Bob laughed at the idea that Joe couldn’t swim. George said something about “Have you ever seen a black guy swim?” George can be a bit racist. But it’s in one of those, so-called, endearing ways. He says things in front of the two black people that come into the bar, and they let him.

These people exist. And as long as there are still photos on walls reminding us that blacks and whites used to have different water fountains, bathrooms, and places to sit on the bus, we’ll have racism.

I get that.

Then Joe pipes up and says, “You know why I don’t swim? I’ll tell you.”

When Joe was nine, he was with his family in — let’s say — Missouri. I can’t remember the exact state at the moment, but it was midwest, southern.

Joe’s mom took him to his grandmother’s swimming pool for swim lessons that was associated with a retirement home. The first day of swim lessons went, well, swimmingly. Joe learned some basics of different strokes. How to tread water.

Day one came and went. And Joe said, “I really liked swimming.”

Day two, which would be the following day, the kids would move to the deep end and learn more.

Day two came, and Joe got his trunks on and paced waiting for his mom to take him to his grandma’s pool. “Mom!” He said. “When are we going to the pool.”

“I’m sorry, son. We aren’t going today.”

“But why, mom?” He asked. He said he really wanted to go.

His mom sat him down. And with as much compassion she could muster, she explained that the older people living in grandma’s community think that the black kids in the swim classes are contaminating the pool.

Within two seconds of that last sentence exiting Joe’s mouth, Bob leans over into Joe’s face and slurs, “LIAR.”

“What did you say?” Joe asked.

With large beady eyes, Bob raised a finger, pointed at Joe and repeated, “You’re a liar. That never happened.”

In the background, Sally was screaming, “Bob, that’s so not cool. Apologize! Apologize right now.”

“Not cool, Bob,” I repeated a few times.

George shook his head in disagreement, too.

Joe said, “You know what? Bob doesn’t have to apologize. Be who you are and say what you mean.
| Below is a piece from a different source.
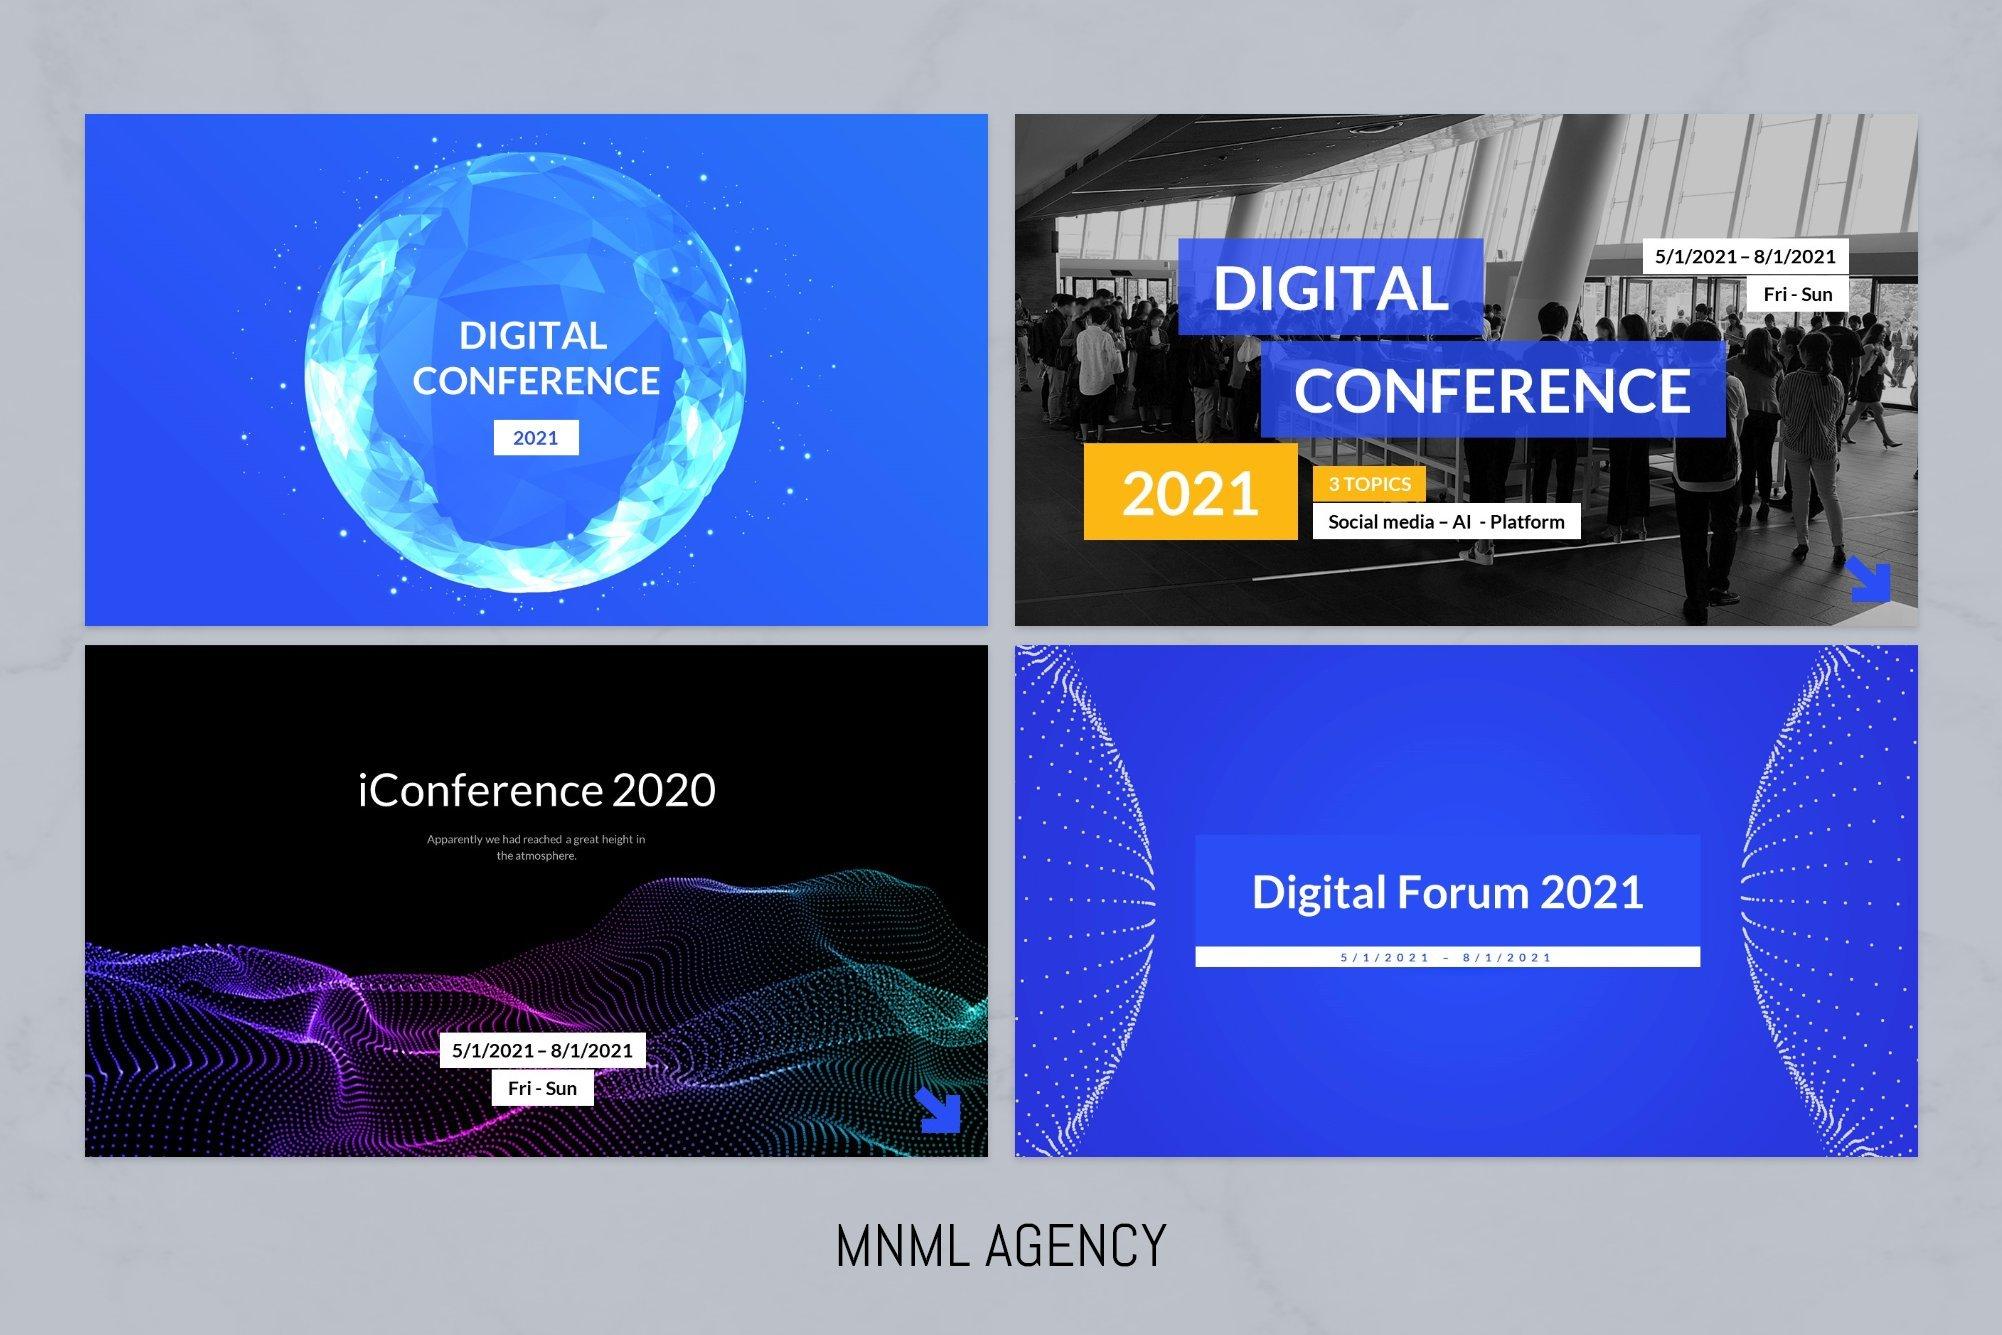 Digital conference.

I don’t want an apology.”

Joe picked up his drink and sat down in the seat on the other side of me, away from Bob and Sally.

In a room of racism, I can handle so much. But I’ll never invite Bob to my home or buy him a beer.

But hey, it’s Bob’s right to say what he wants. He’s free to do so. And he can hide behind anything from his belief system to his relaxed inhibitions for doing so. Having beliefs, ideologies and opinions is certainly something everyone has and expresses. However, I have to remember and remind myself that those opinions have repercussions. You can say and do what you want, but that means whom you say those things to may have equally oppositional antagonism.

There are limits to what we can handle. And there are behaviors that deserve to be marginalized and snuffed out.

When Bob paid his tab, he started to leave and passed by Joe offering a hand to shake. In the most public display of politeness in the face of dastardly opposition, Joe said, “With all due respect, I’m not shaking your hand. Another time, Bob. You don’t owe me an apology. You said what you meant and you meant what you said.”